June 1, 2020 feature

ConvoKit: An open-source toolkit to aid the analysis of conversations

by Ingrid Fadelli , Tech Xplore

In recent years, researchers have developed increasingly advanced natural language processing (NLP) techniques that can be trained to process, interpret and respond to sentences in human languages. In addition, some have developed toolkits that can guide researchers who are developing, training and evaluating NLP techniques.

Researchers at Cornell University have recently put together a new toolkit, dubbed ConvoKit, containing existing tools, methods and data that are ideal for developing and training NLP models designed to analyze human conversations and social interactions. This new toolkit, presented in a paper set to be presented at the SIGDIAL conference next month, makes a variety of cutting-edge techniques accessible to users with different levels of technical expertise.

"Through conversations, we discuss, collaborate, empathize and make our voices heard," Caleb Chiam, one of the researchers who developed the toolkit, told TechXplore. "Existing NLP toolkits, however, are not designed to work directly with conversational structures. ConvoKit fills that gap, as it is designed to make computational tools for conversational analysis accessible to users—no matter their technical background."

ConvoKit presents conversational data in a simple, user-friendly format. This basic format allows both expert and non-expert developers to explore and annotate the data, as well as running computations on it.

"Every conversation is about some set of individuals speaking to each other, saying certain things, in a specific order," Chiam explained. "We might typically record those conversations as transcripts—think, for example, of the transcripts we have of every "Friends' episode or every Supreme Court session (both of which are available in ConvoKit format, among many others). ConvoKit represents a set of such conversations as a 'corpus.'"

In ConvoKit, every corpus of conversations has three main elements or components, namely speakers (i.e., who is speaking), conversations (i.e., the overall exchange between two or more speakers) and utterances (i.e., what was said by a speaker at different points during a conversation). These three elements are considered 'first-class objects," which means that the toolkit enables their use as primary units of analysis.

A user could, for example, use ConvoKit to predict which speakers are more likely to mimic the linguistic style of other speakers, what conversations are more likely to become 'toxic' based on how they started off, or which utterances are polite and which ones are rude. This makes it ideal for conducting analyses that focus on specific aspects of conversations.

"ConvoKit's structure makes it easy to explore conversations," Chiam said. "For example, with these data structures, it is straightforward to pick any speaker in the dataset and go through the utterances made by that speaker and the conversations they have started. Similarly, you could choose any conversation in the dataset and iterate through the utterances that form the conversation or the speakers that were involved."

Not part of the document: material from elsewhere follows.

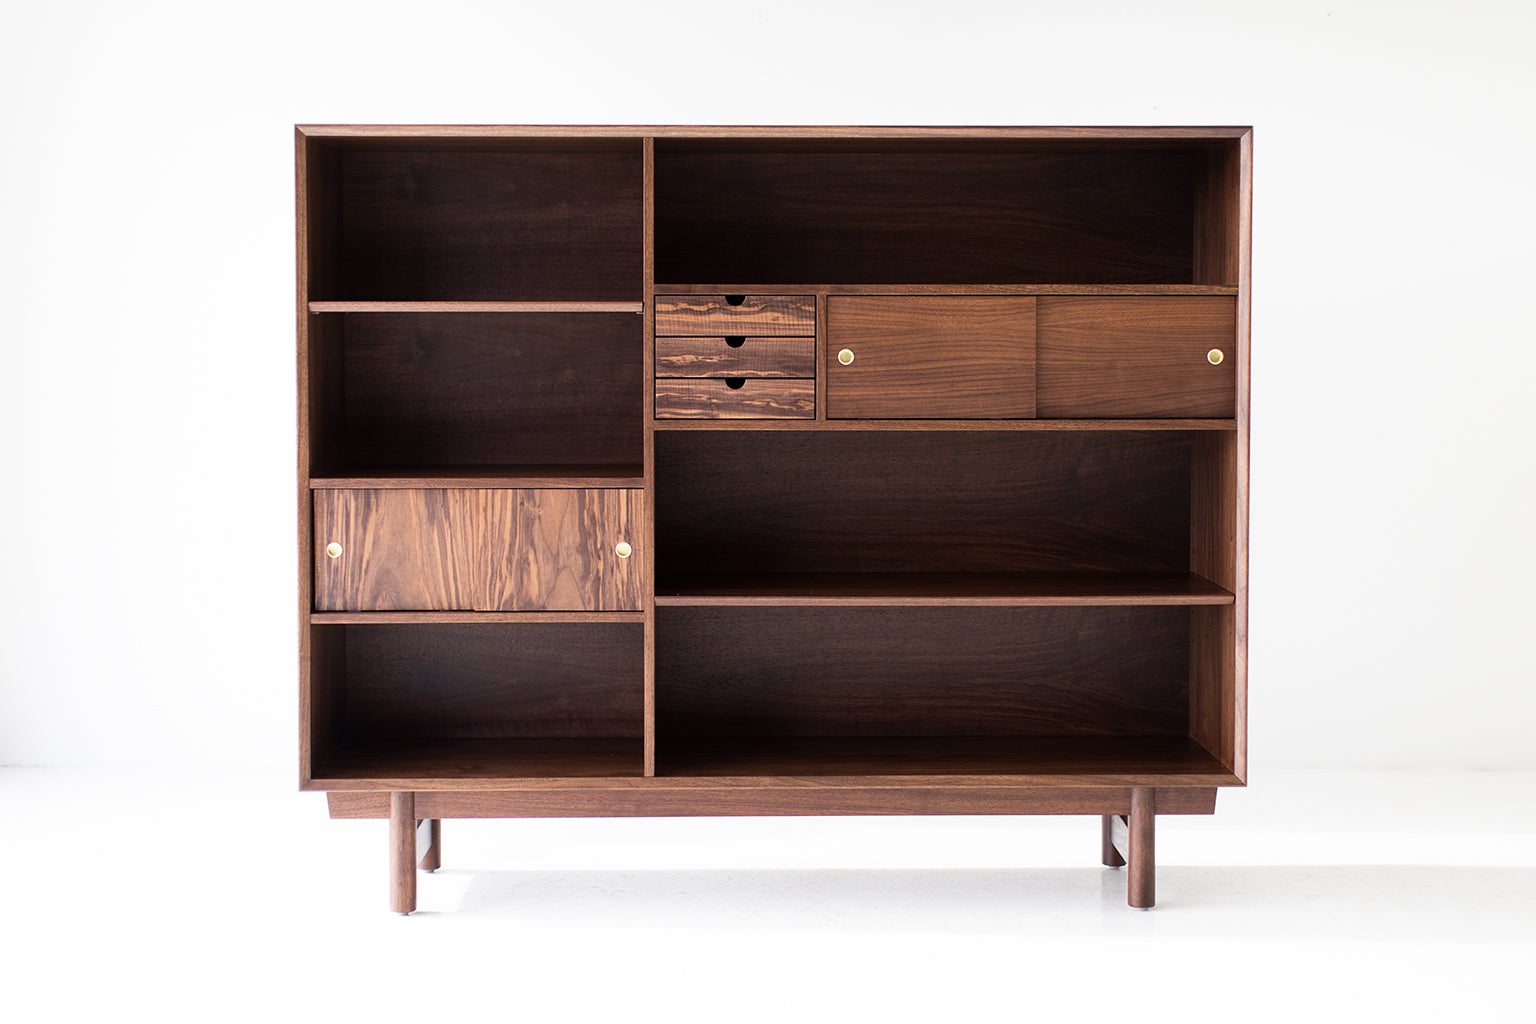 peabody-modern-walnut-bookcase-2106-01

The new toolkit developed by Chiam and his colleagues also has a variety of transformers built into it, which enable more in-depth analyses. Transformers are modules that can be easily run on a conversational corpus, analyzing them using sophisticated machine learning and NLP methods.

"These computational methods can be adapted and applied to any given conversational corpus," Chiam said. "Moreover, ConvoKit users can design their own transformers for their own custom analysis. One can find examples of customized transformer features listed on convokit.cornell.edu. These include things like linguistic coordination, politeness strategies, prompt types, and much more."

The new toolkit could prove extremely valuable for both developers and non-expert tech enthusiasts who are trying to create tools for the automatic analysis of conversations. ConvoKit is very easy to use and highly customizable, which makes it ideal for a variety of NLP applications.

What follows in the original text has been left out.